▸ DIRECTIONS
In the entries below, begin at the line with "Bankruptcy Help with" and stop after the line with "RIGENERA SMOOTHING ANTI-WRINKLE"; output those lines exactly and omit the pictures.

[MATERIAL SHOWN Boundary: Start]

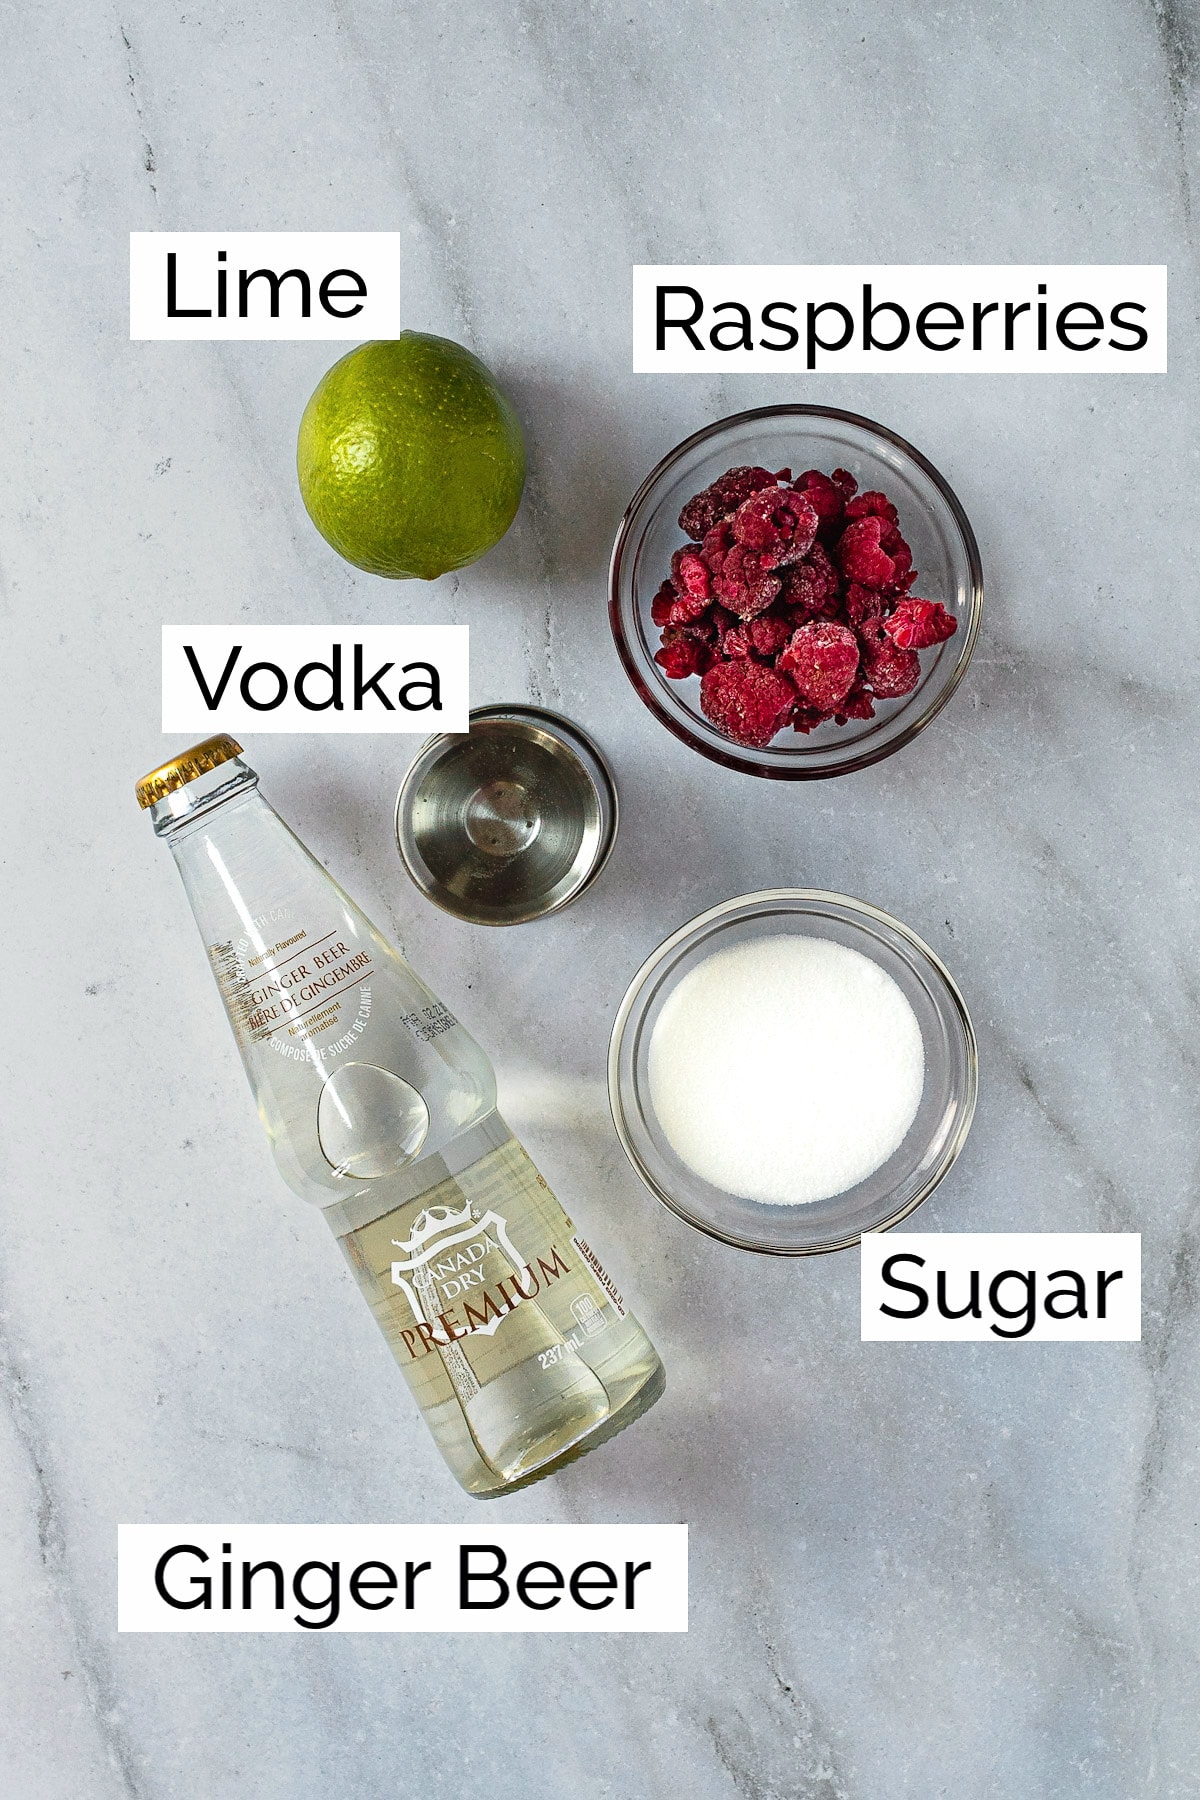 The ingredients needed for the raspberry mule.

[MATERIAL SHOWN Boundary: End]
[MATERIAL SHOWN Boundary: Start]

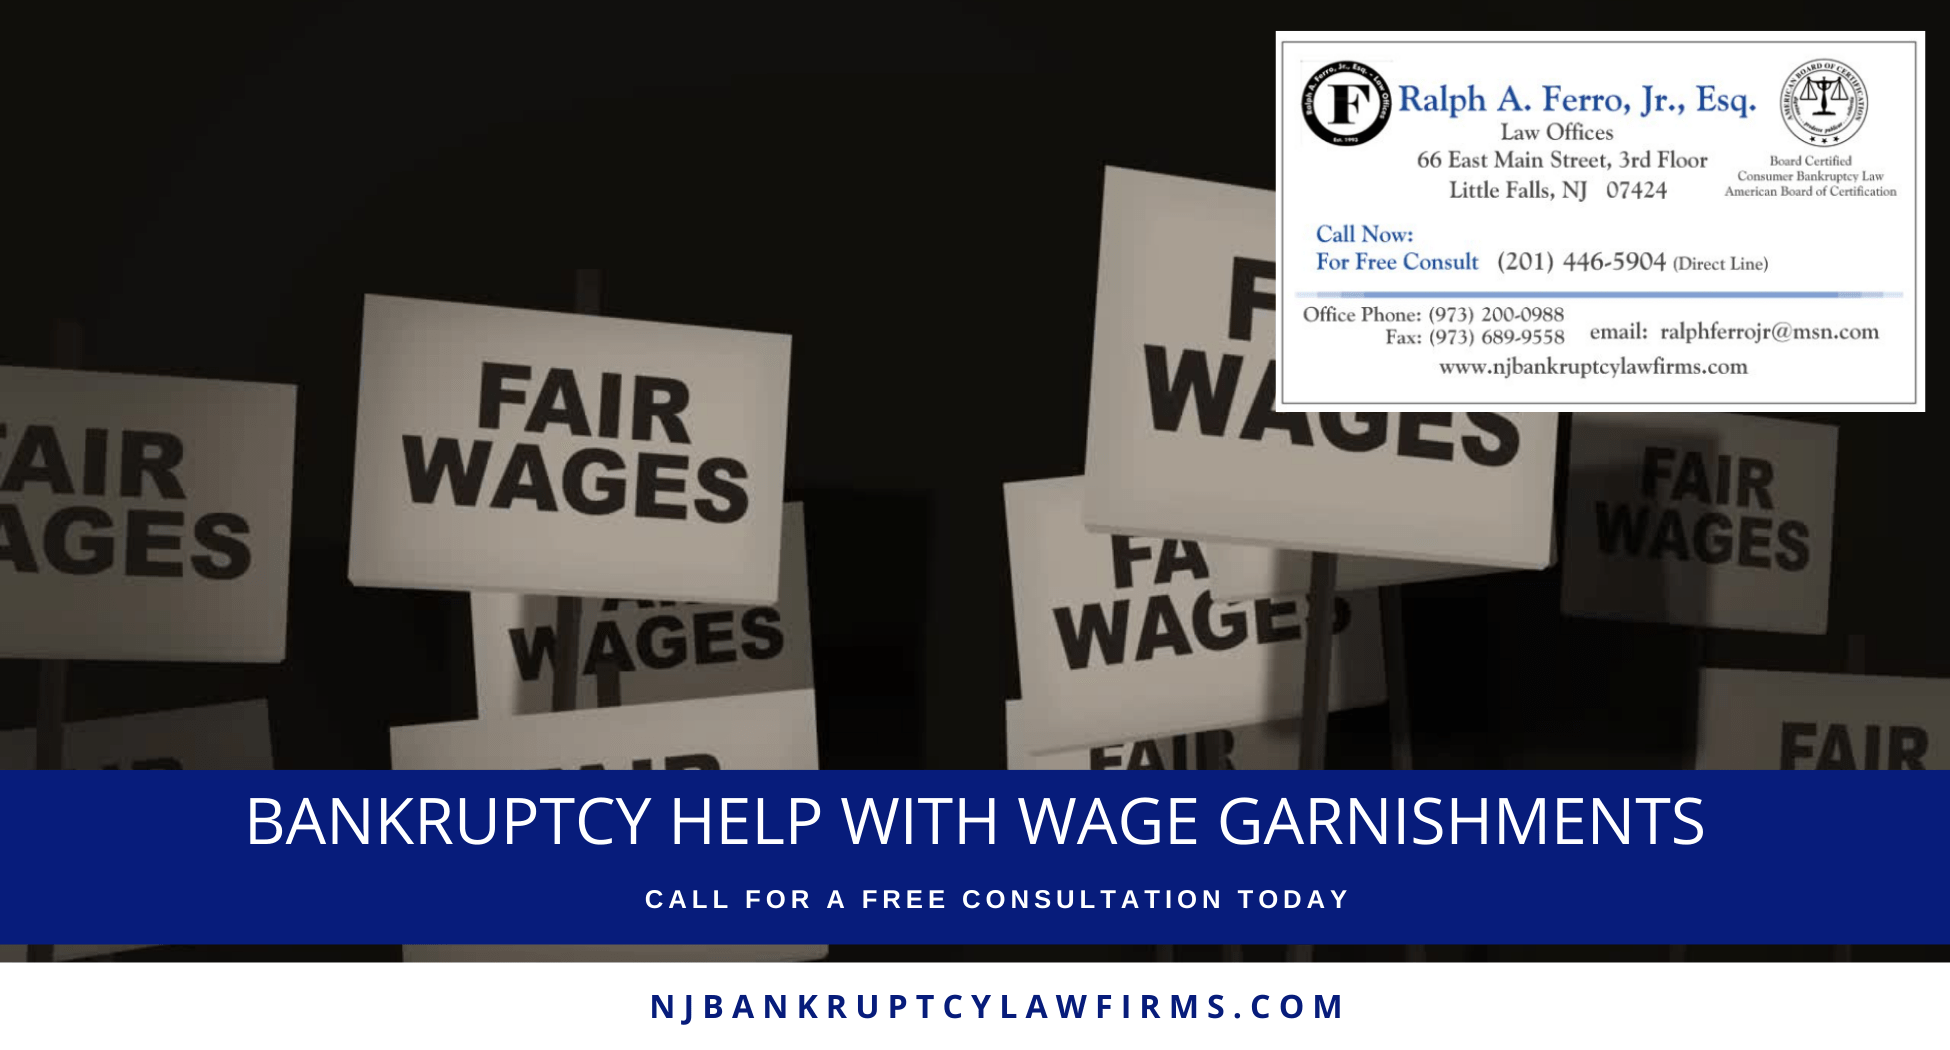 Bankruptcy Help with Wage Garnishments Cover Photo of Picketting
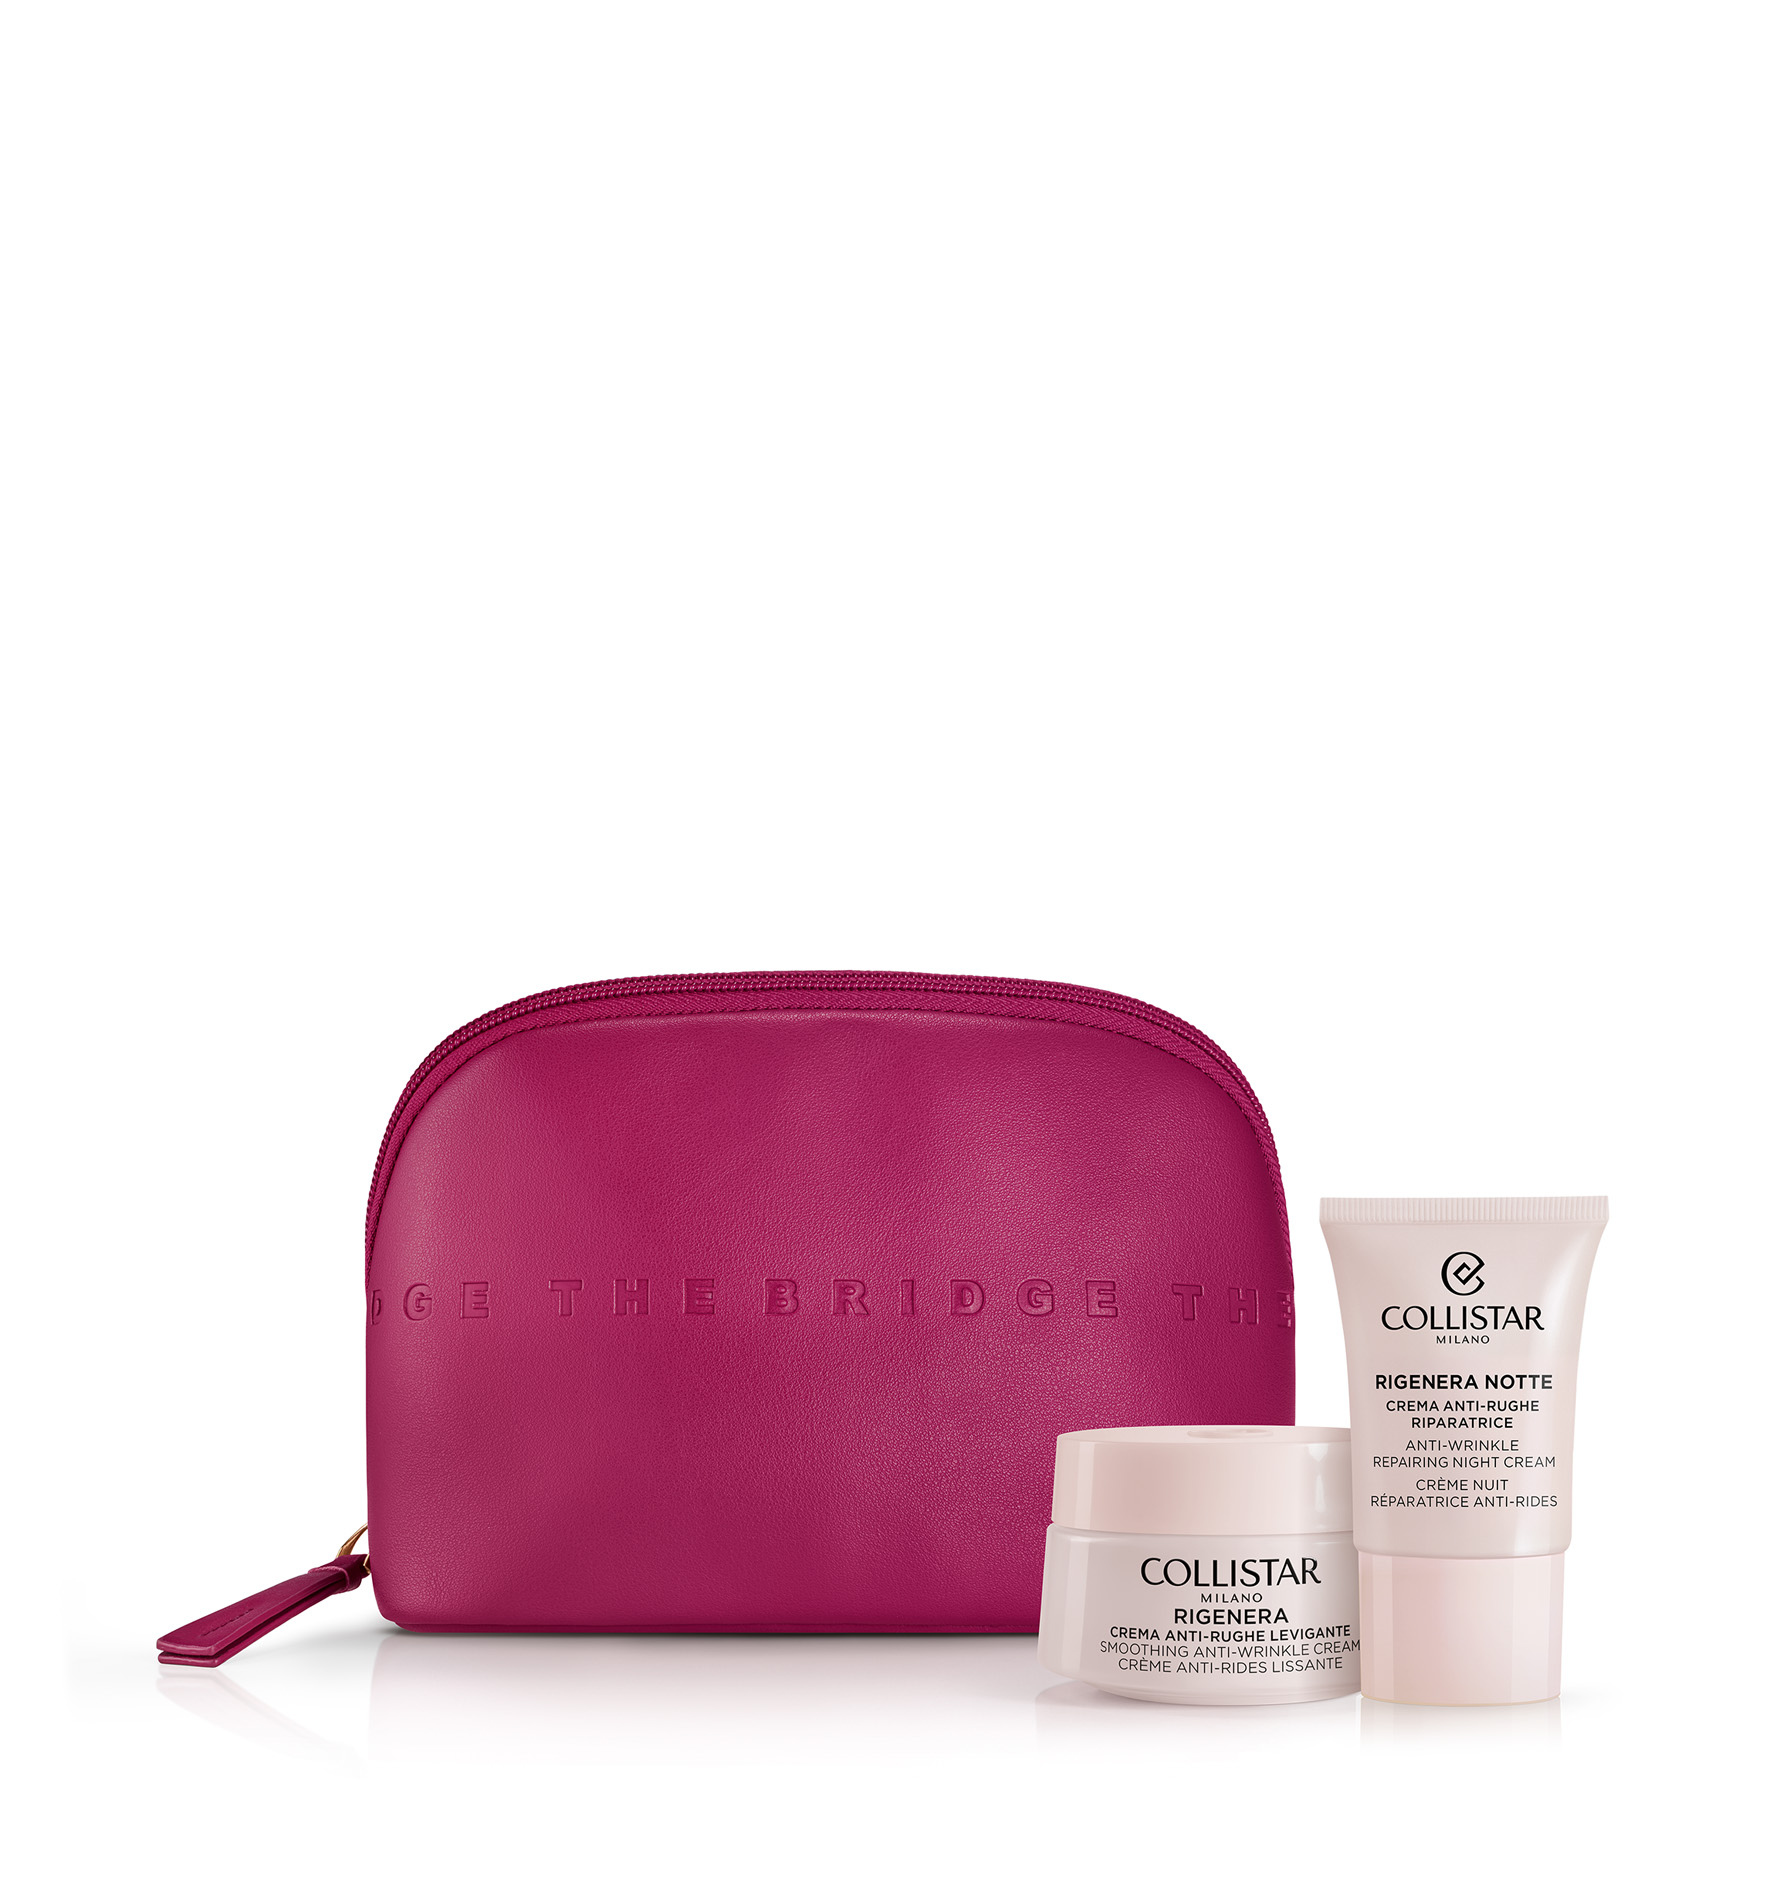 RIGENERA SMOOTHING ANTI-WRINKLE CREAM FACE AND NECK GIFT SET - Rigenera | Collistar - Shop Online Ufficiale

[MATERIAL SHOWN Boundary: End]

▸ RESULT OF THE TASK
 Bankruptcy Help with Wage Garnishments Cover Photo of Picketting
 RIGENERA SMOOTHING ANTI-WRINKLE CREAM FACE AND NECK GIFT SET - Rigenera | Collistar - Shop Online Ufficiale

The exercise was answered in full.